Benjamin Chang Calhoun (born 1979) is an American radio reporter, producer, editor and programmer. He is currently the executive producer of The Daily -- the flagship news podcast of The New York Times. Before that, he spent more than a decade as a reporter, producer and editor for the public radio program This American Life and the podcast Serial.

Calhoun left This American Life from 2014 to 2017 to serve as Vice President of Content and Programming at WBEZ, the NPR affiliate in Chicago.

Prior to his work on This American Life, he spent eight years as a reporter and deputy news director at WBEZ, where he covered politics and did documentary work. His work has also aired on Morning Edition, All Things Considered, Day to Day, Marketplace, and WNYC's The Takeaway and Radiolab.

== Awards ==
Calhoun was an editor on the team at This American Life that won the inaugural Pulitzer Prize for audio journalism. The episode entitled "The Out Crowd" featured stories about the immigration policies of the first Trump administration.

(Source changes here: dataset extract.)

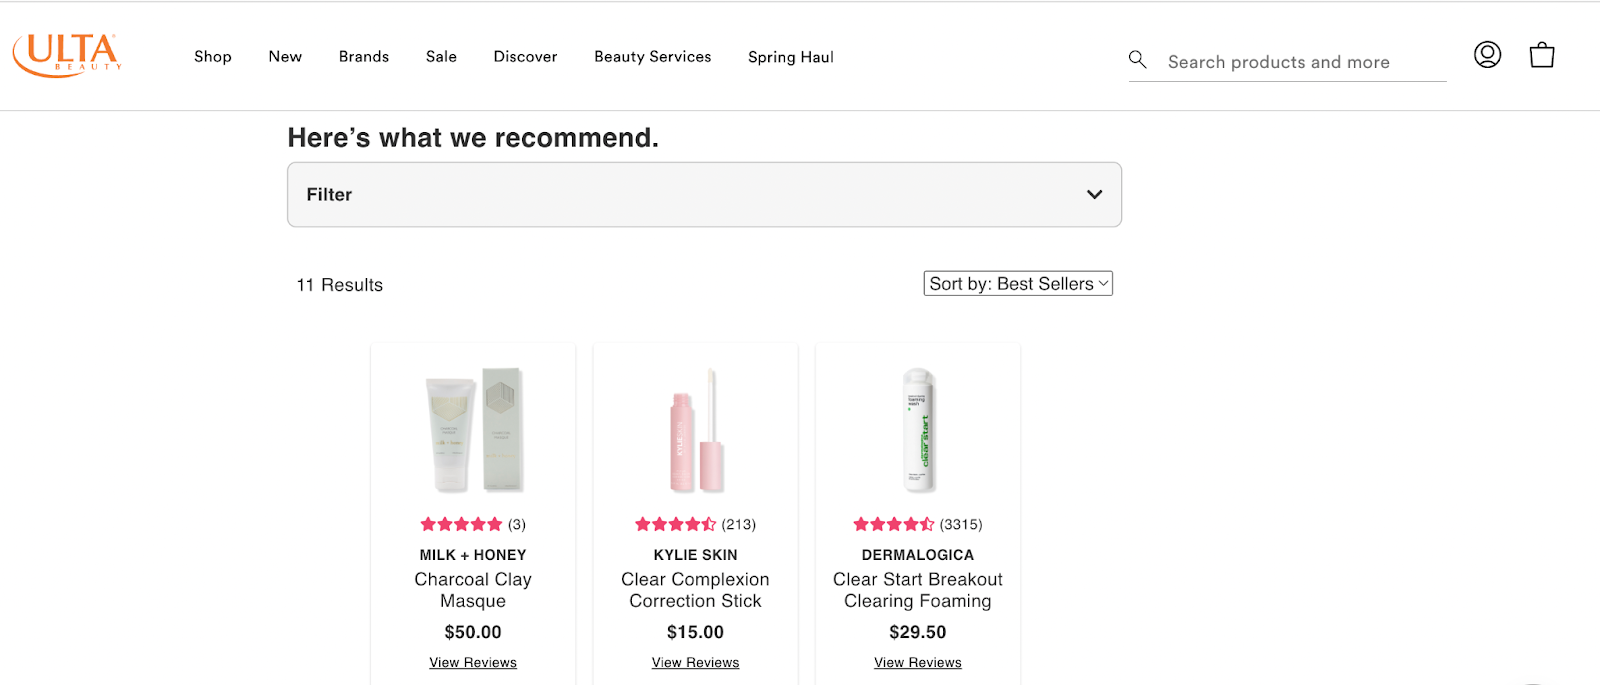 recommendation page of Ulta quiz

He was a reporter and producer, on the show's 2013 landmark episodes about Harper High School. The two episodes told the stories of the students, families and faculty of Chicago high school struggling with chronic gun violence. The episodes went on to win numerous major awards; a Peabody Award, a Dupont Award, a Scripps-Howard Award, a Dart Award and a first place award from the Third Coast International Audio Festival.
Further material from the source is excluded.